*** Data shown Section Begins ***

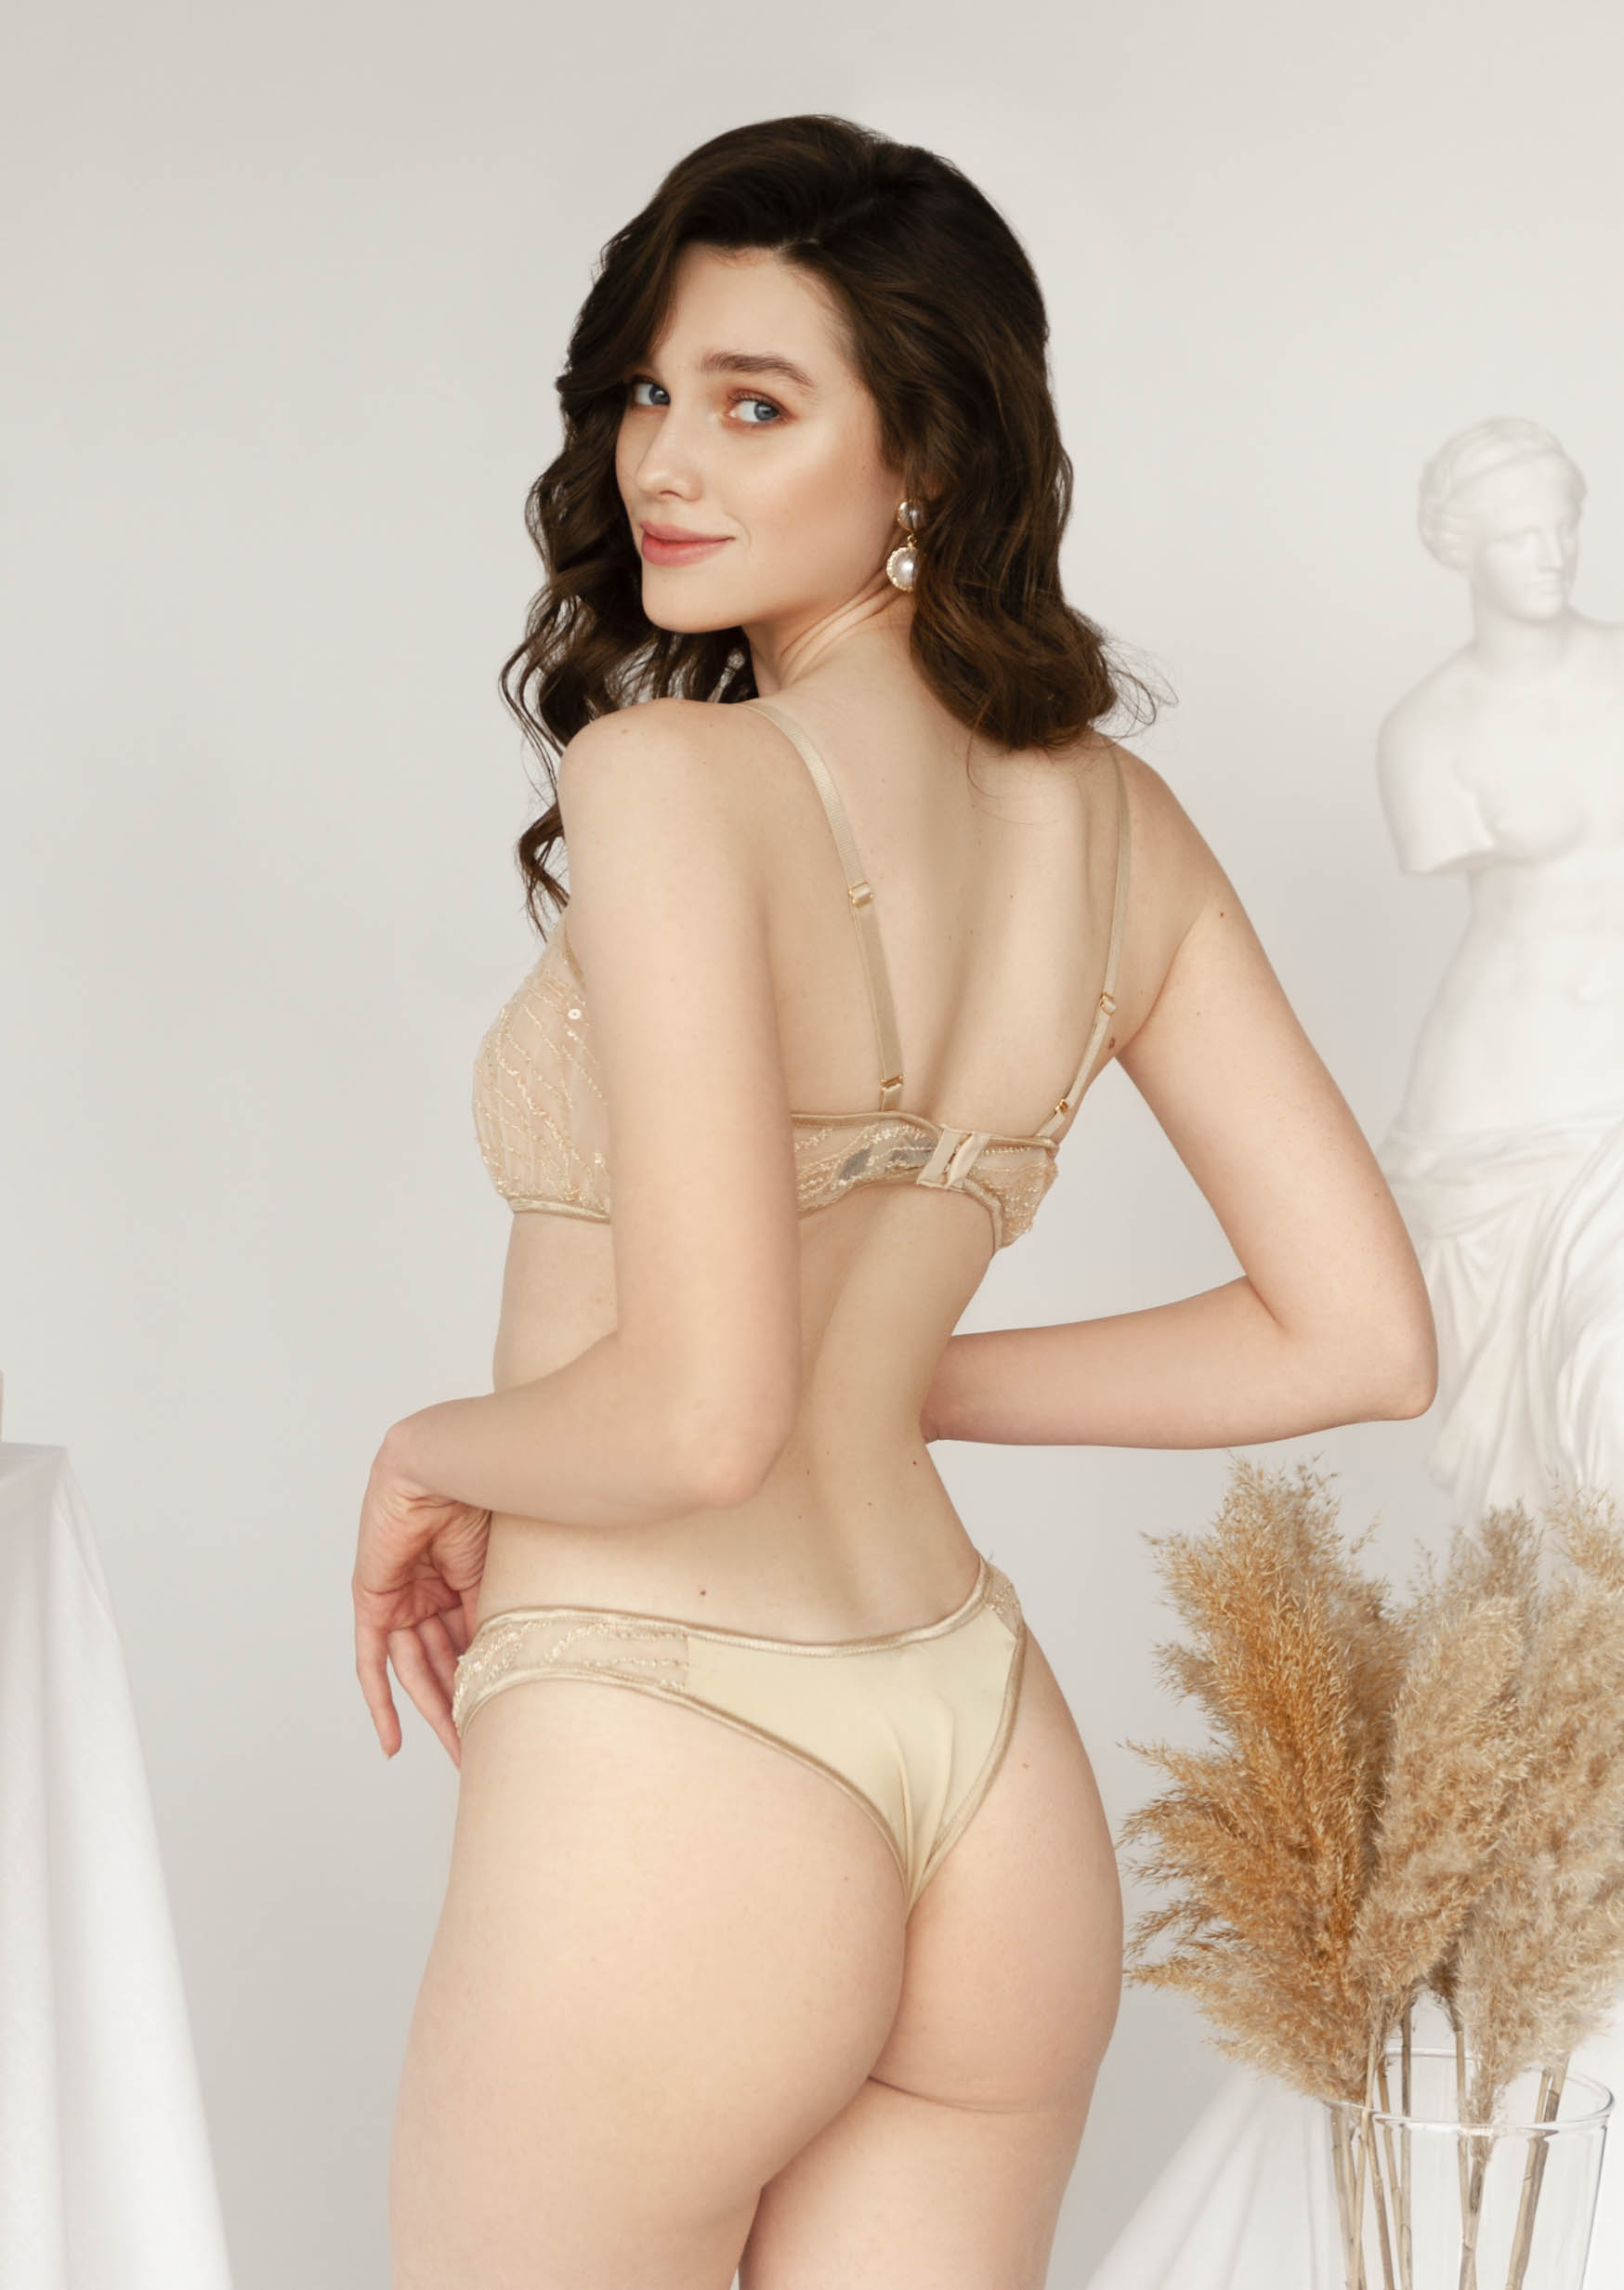 Golden sparkle lingerie set transparent lingerie with straps
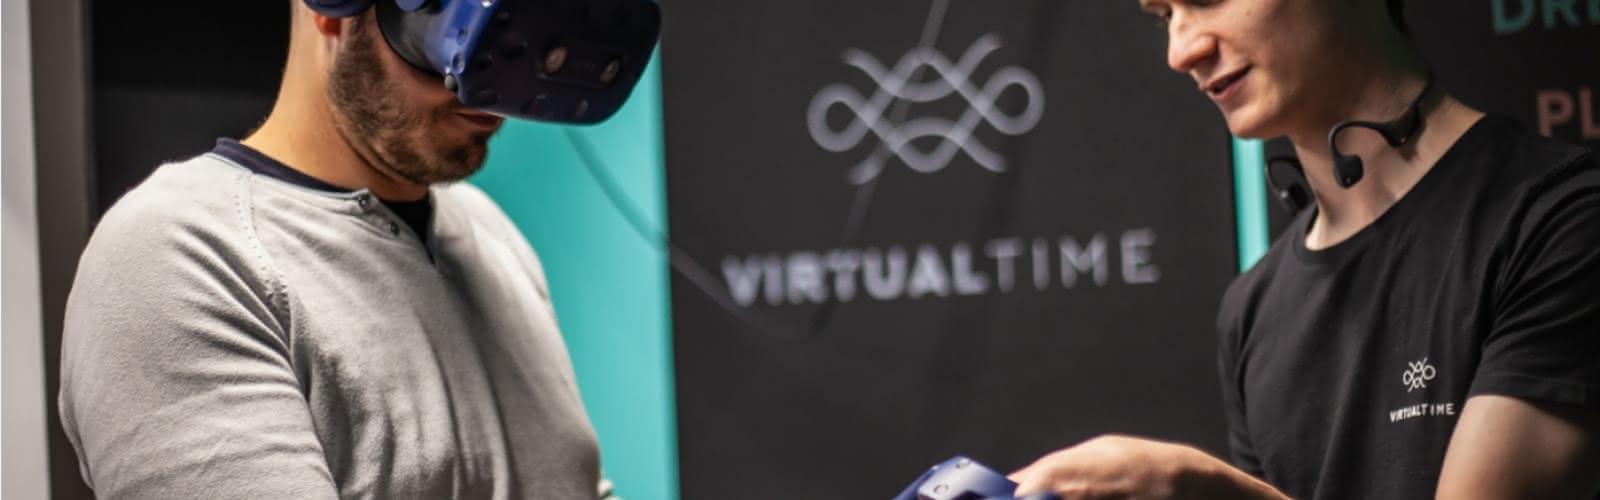 VirtualTime
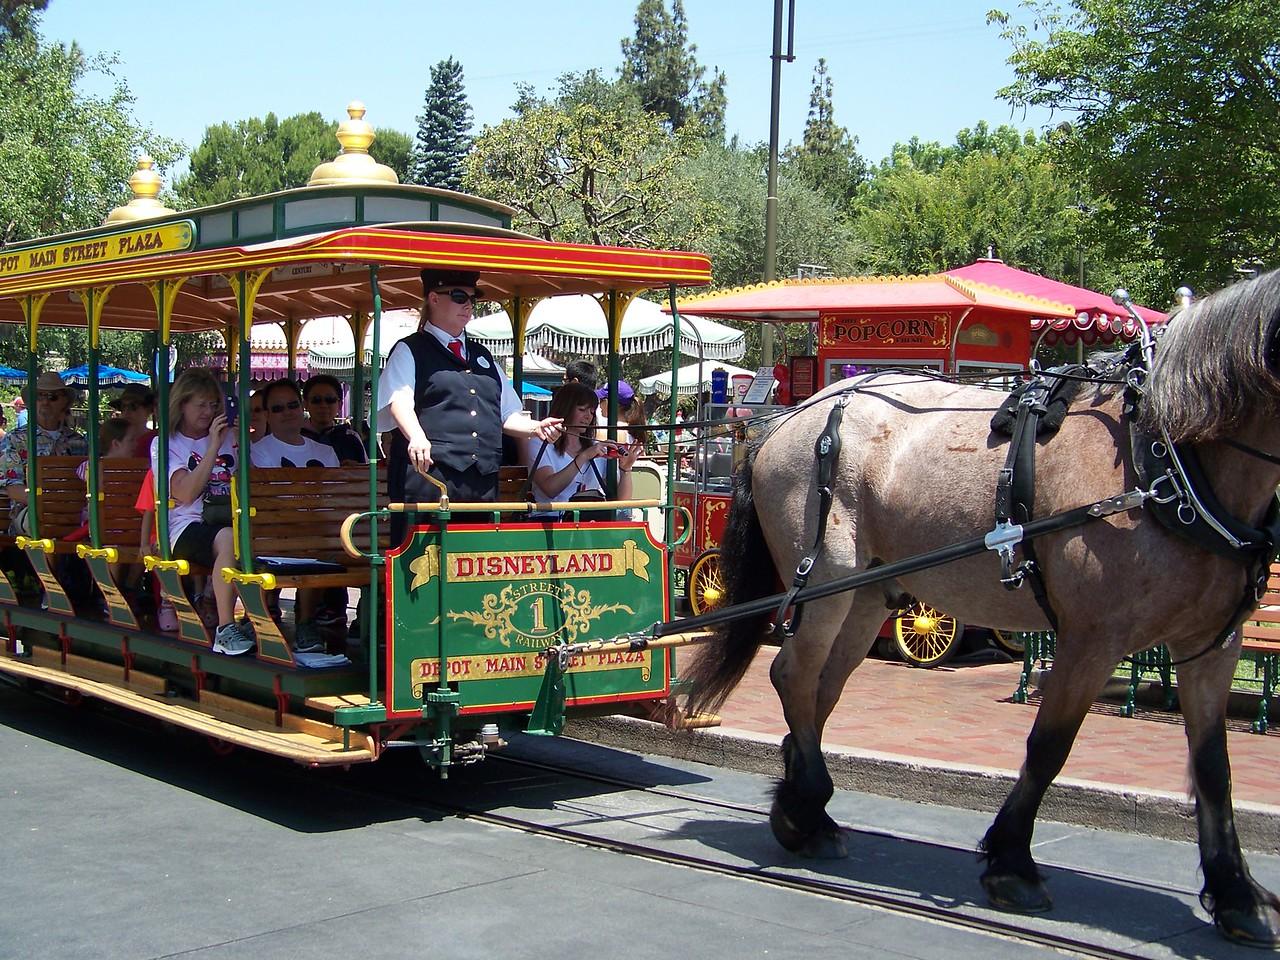 Disneyland - Horse-drawn streetcar

*** Data shown Section Ends ***

Action item.
Return the material above verbatim, minus the pictures.

Result of the task.
 Golden sparkle lingerie set transparent lingerie with straps
 VirtualTime
 Disneyland - Horse-drawn streetcar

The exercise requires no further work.